We’re upstairs, my back pushed against the side of his bed, when he reaches into his pocket and says, ‘You like being recorded, don’t you, Jessica?’
‘What?’
Holding his phone out to me, he says, ‘Smile for the camera.’
It takes a few seconds to understand what I’m looking at, then I realize it’s me, here, now.
I look up, scanning the four corners of the bedroom, and there it is, a camera like the ones in my house. Only this one isn’t streaming my life to the world; it’s going straight to Mr Farrell’s phone.
‘You can’t be too careful,’ he says. ‘I had a feeling your persistence would pay off.
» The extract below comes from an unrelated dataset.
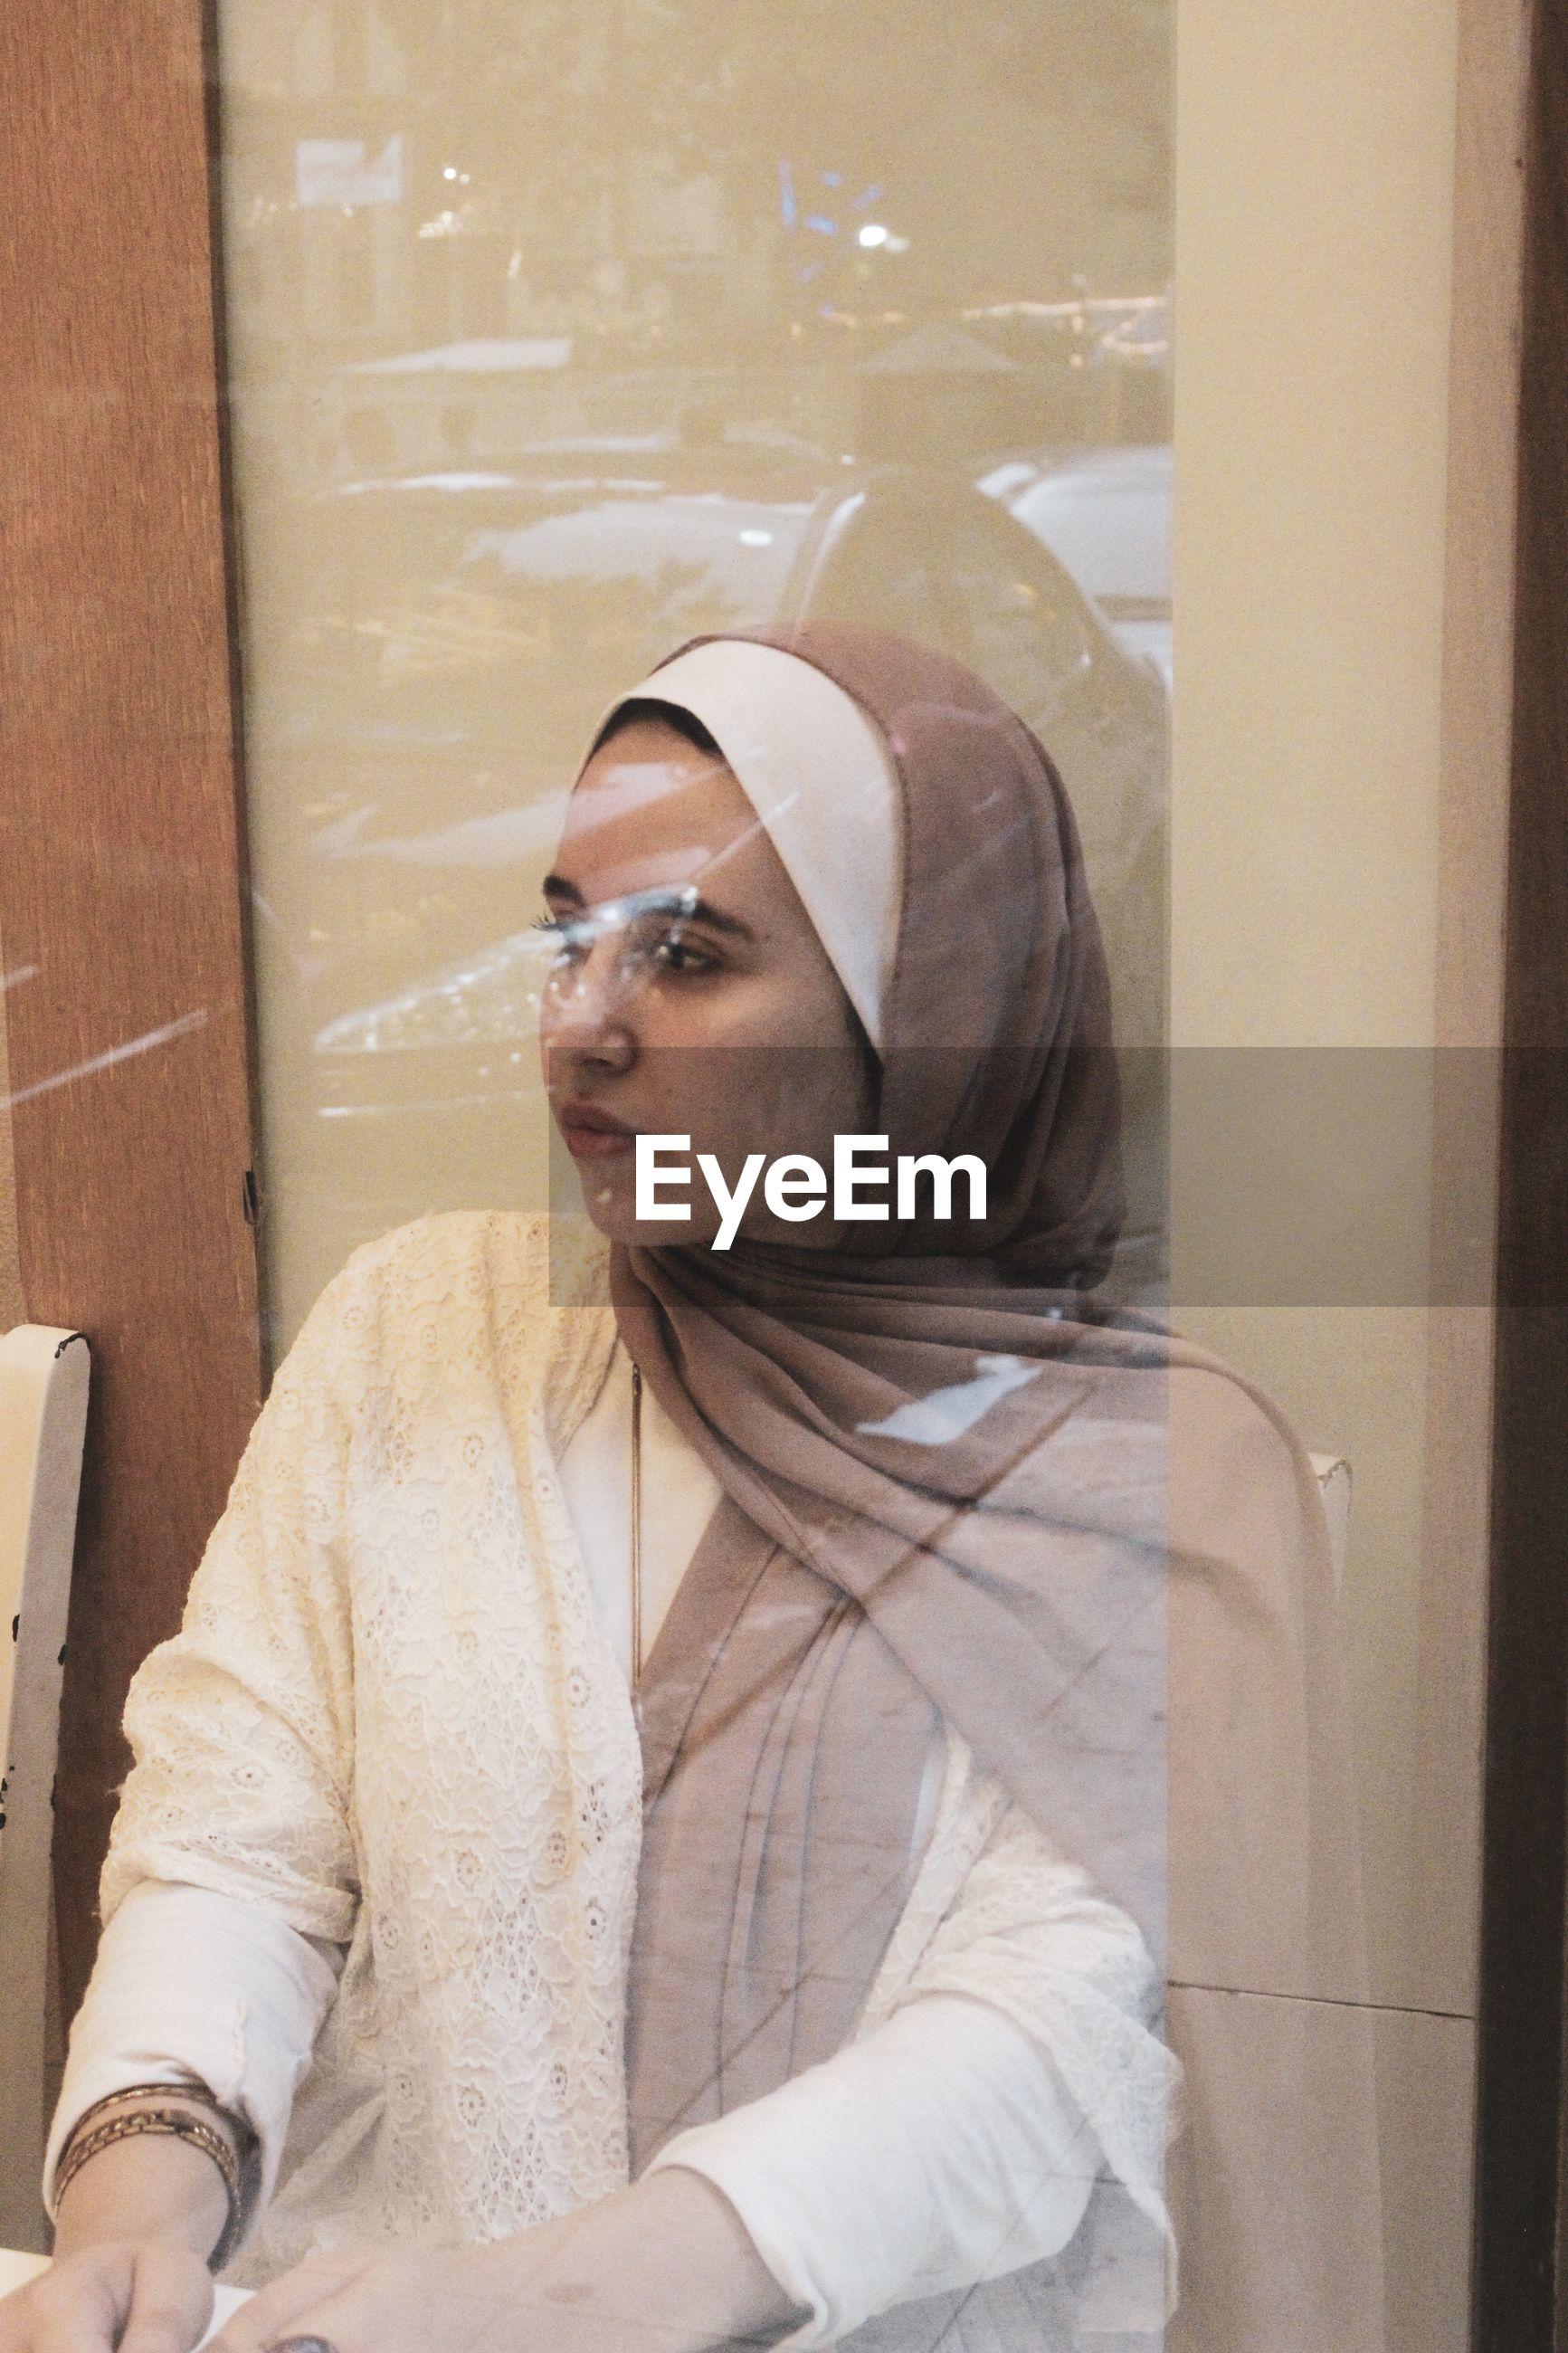 Woman in headscarf seen through glass window

How old were you when your mum died … five?’
‘Seven,’ I say, and he grins.
‘Time flies.’ He walks over to the camera and pulls it off the wall.
‘I’ll have to get rid of these now … along with everything else.’
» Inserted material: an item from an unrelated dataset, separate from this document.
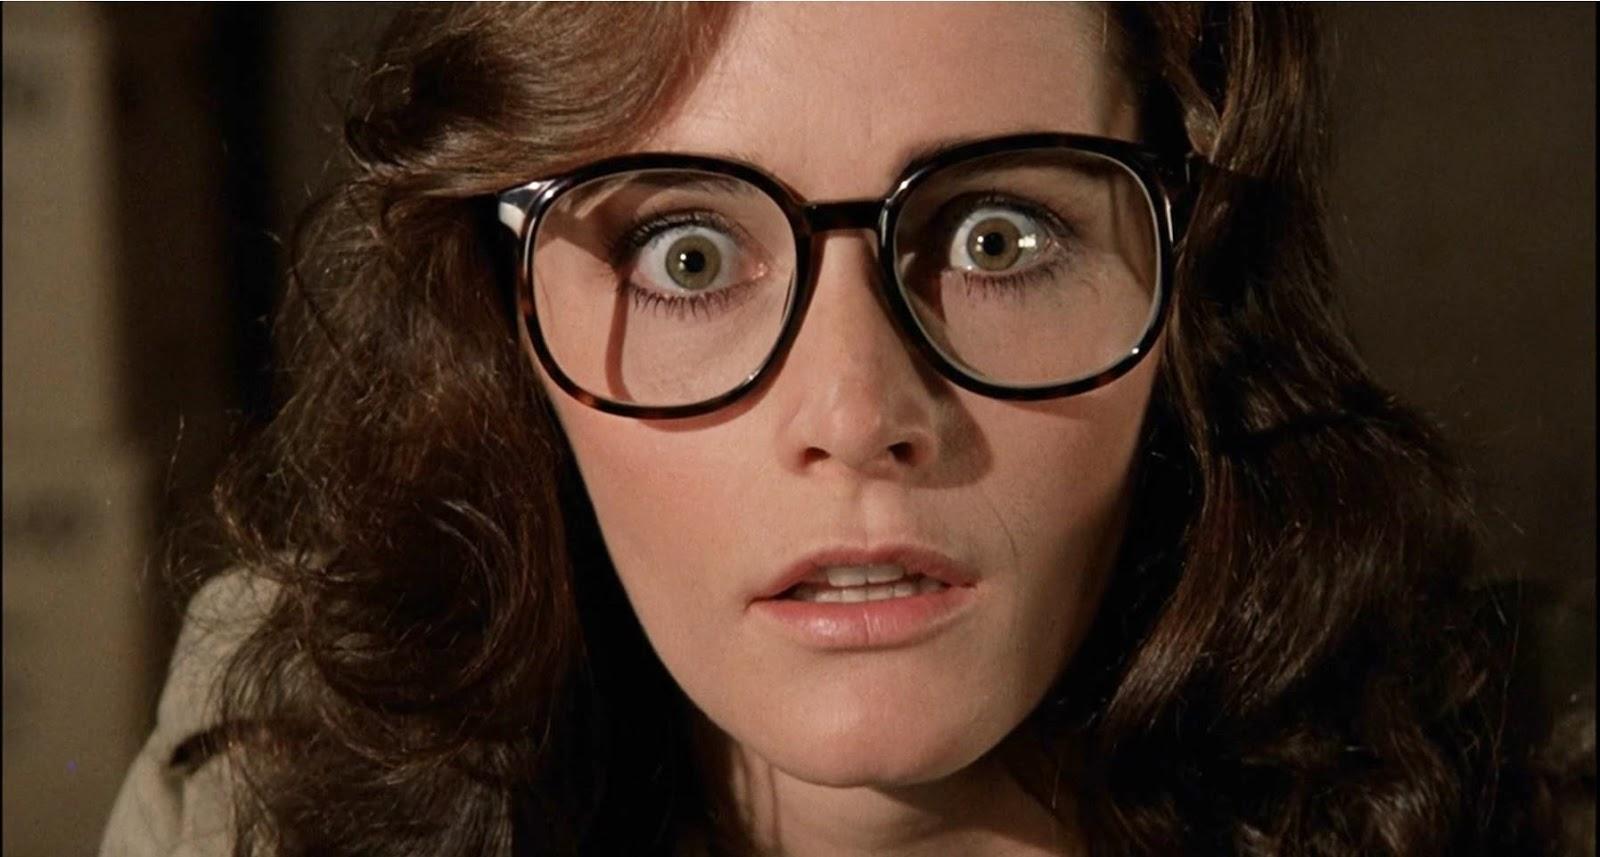 Margot-Kidder-Amityville-Horror-1979 (2)mrhorrorpedia

He smiles and there’s nothing fake about it. He looks like the monster I once imagined him to be.
‘You made me do something I haven’t done for a long time, Jessica. You made me kill quickly.’
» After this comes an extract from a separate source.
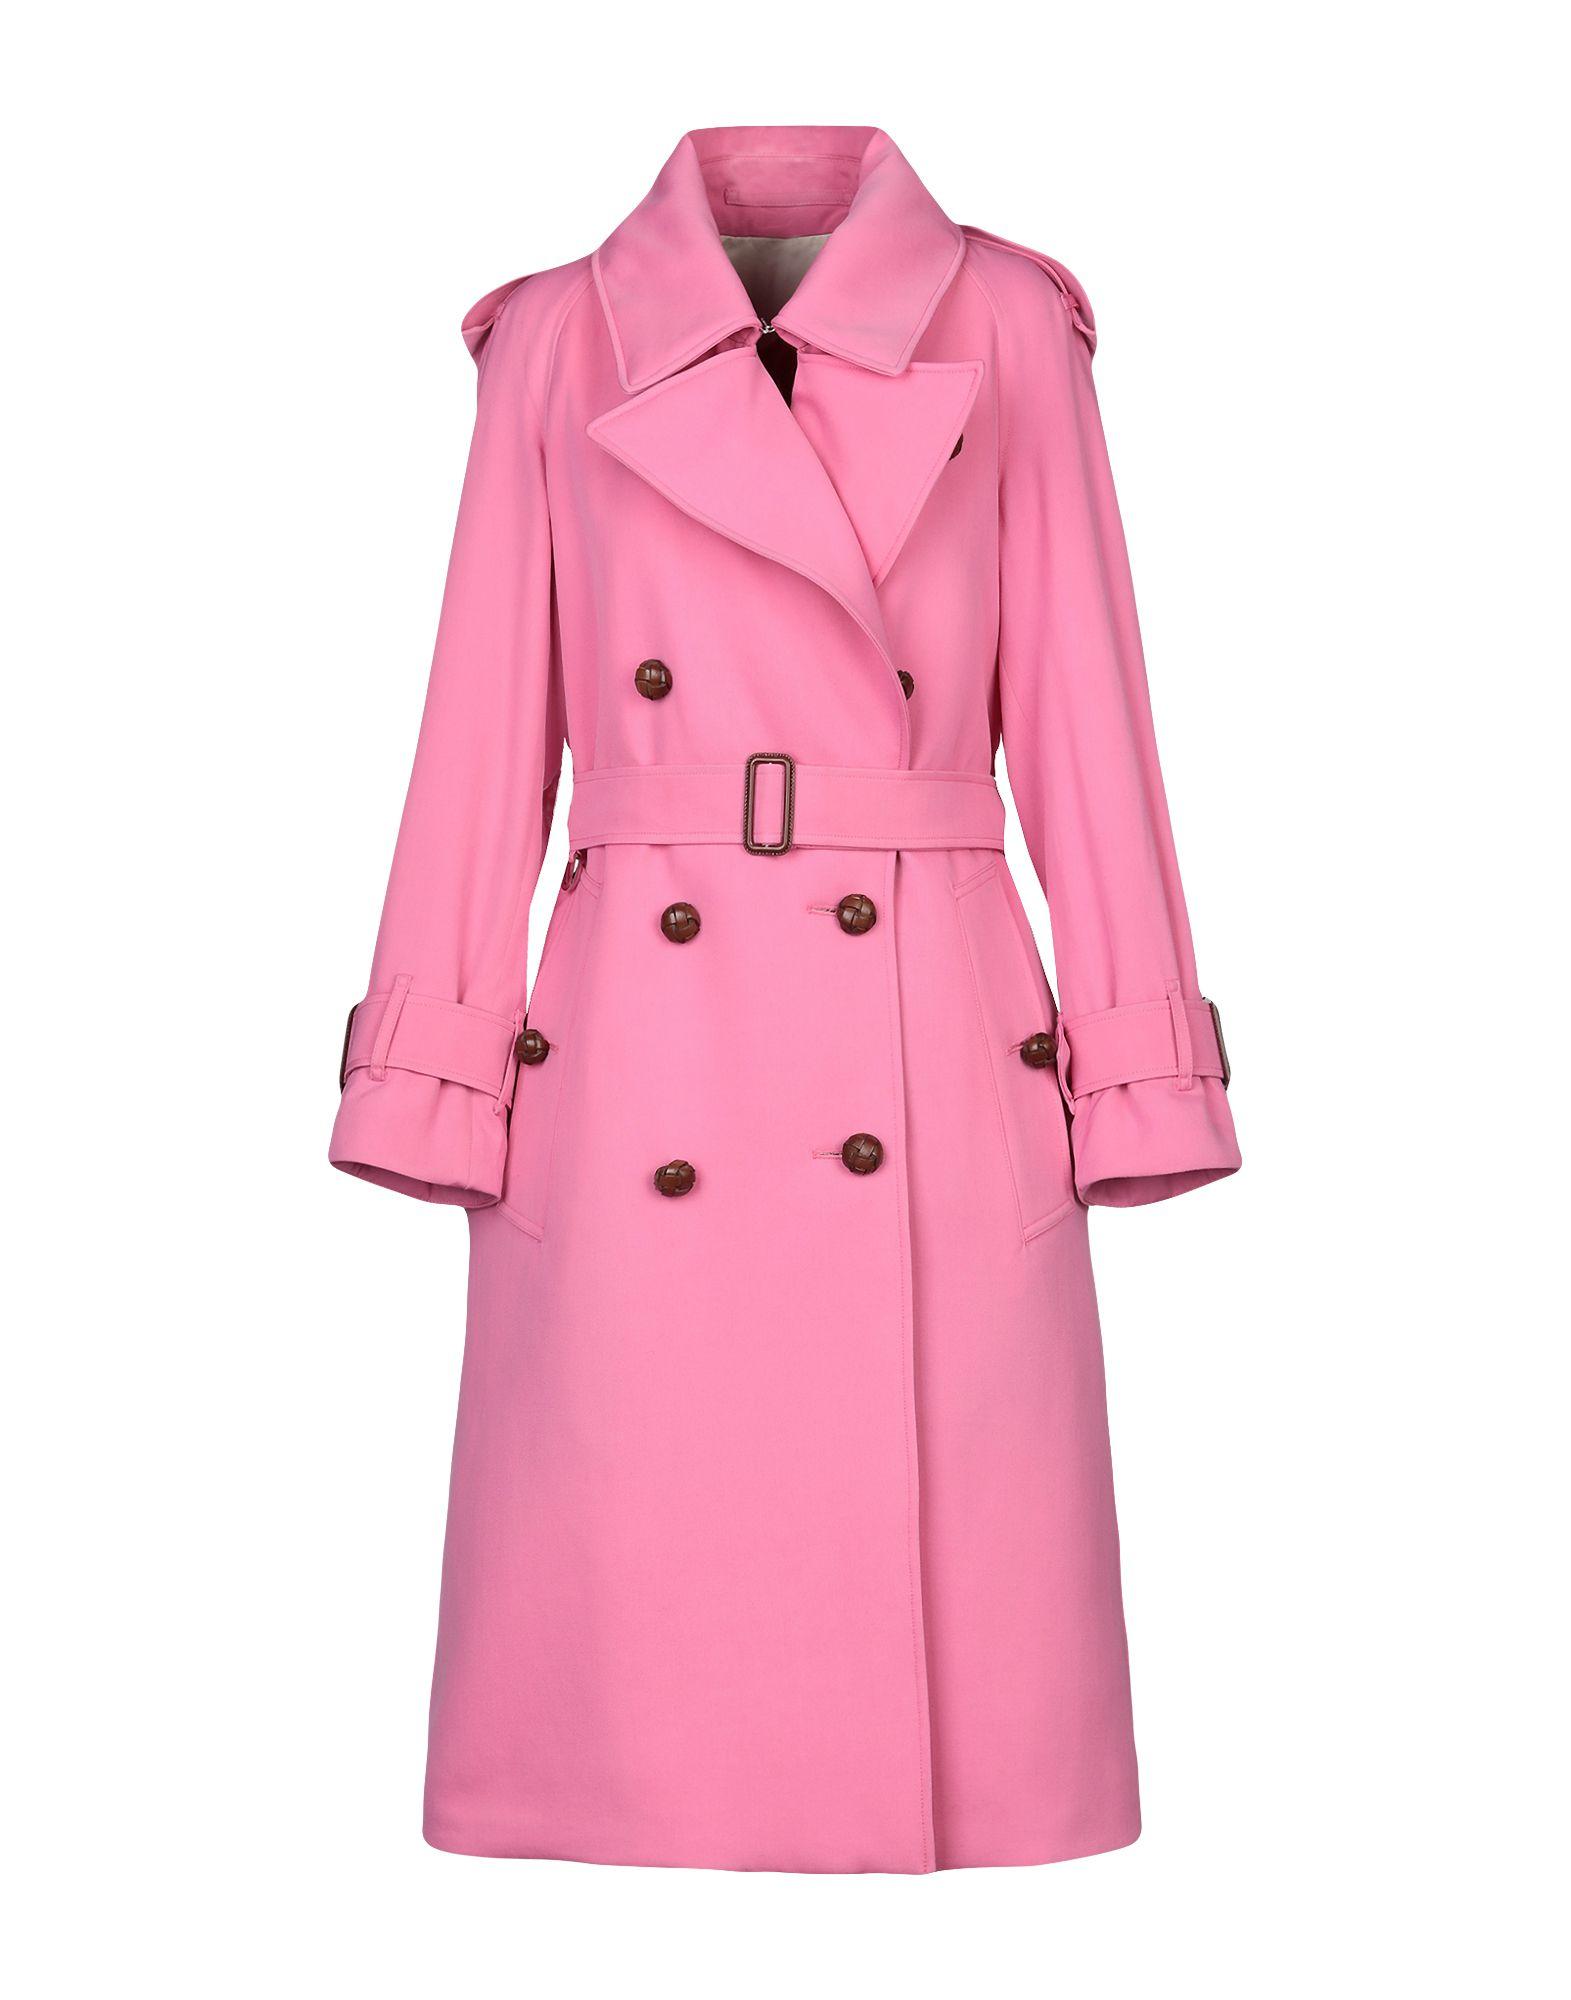 b1345d83e45 Buy burberry clothing for women - Best women's burberry clothing shop -  Cools.com

‘I didn’t make you do anything.’
Elliot crouches in front of me and says, ‘But you did. You challenged me, all those grieving families with their T-shirts. It gave me an idea I couldn’t ignore. I had fun playing with you. It’s a shame it has to end.’
He grabs me under my arms and pulls me up, then opens Bernie’s bedroom door and pushes me inside.
I look at Jamie and hate myself for getting him into this. I want to tell him I’m sorry. I want to go back in time and do things differently. I want to ignore Mr Collins and force Lorraine to believe me about Clara and have the police find the receipt.
But, if I had a time machine, there would be no need for any of this.
‘Did you like my messages?’ he says.
Then, as if realizing something, he pulls me up and forces his hand into my pocket, pulling my phone out, then doing the same with Jamie. He looks at them, then smiles.
‘Call me paranoid,’ he says, ‘but I thought you’d be recording my confession. Who else knows you’re here? Have you got your little director friend hiding in the cupboard?’
He knows we don’t, because he’s been watching on his phone, but he still looks worried for a second, the sneer slipping just long enough to show something worse underneath.
He can pretend all he wants, but I know he’s terrified of being caught, no matter what he’s done to protect himself. And that scares me even more, because how far will he go to stay free?
He needs to think we wouldn’t be stupid enough to break into his house without telling someone.
‘The police are on their way,’ I lie.
He stares at me and says, ‘I don’t think so. They’re too busy talking to that poor teacher of yours. How does it feel to have an innocent man arrested, Jessica?’
But something in his eyes suggests he’s uncertain and that’s what I focus on.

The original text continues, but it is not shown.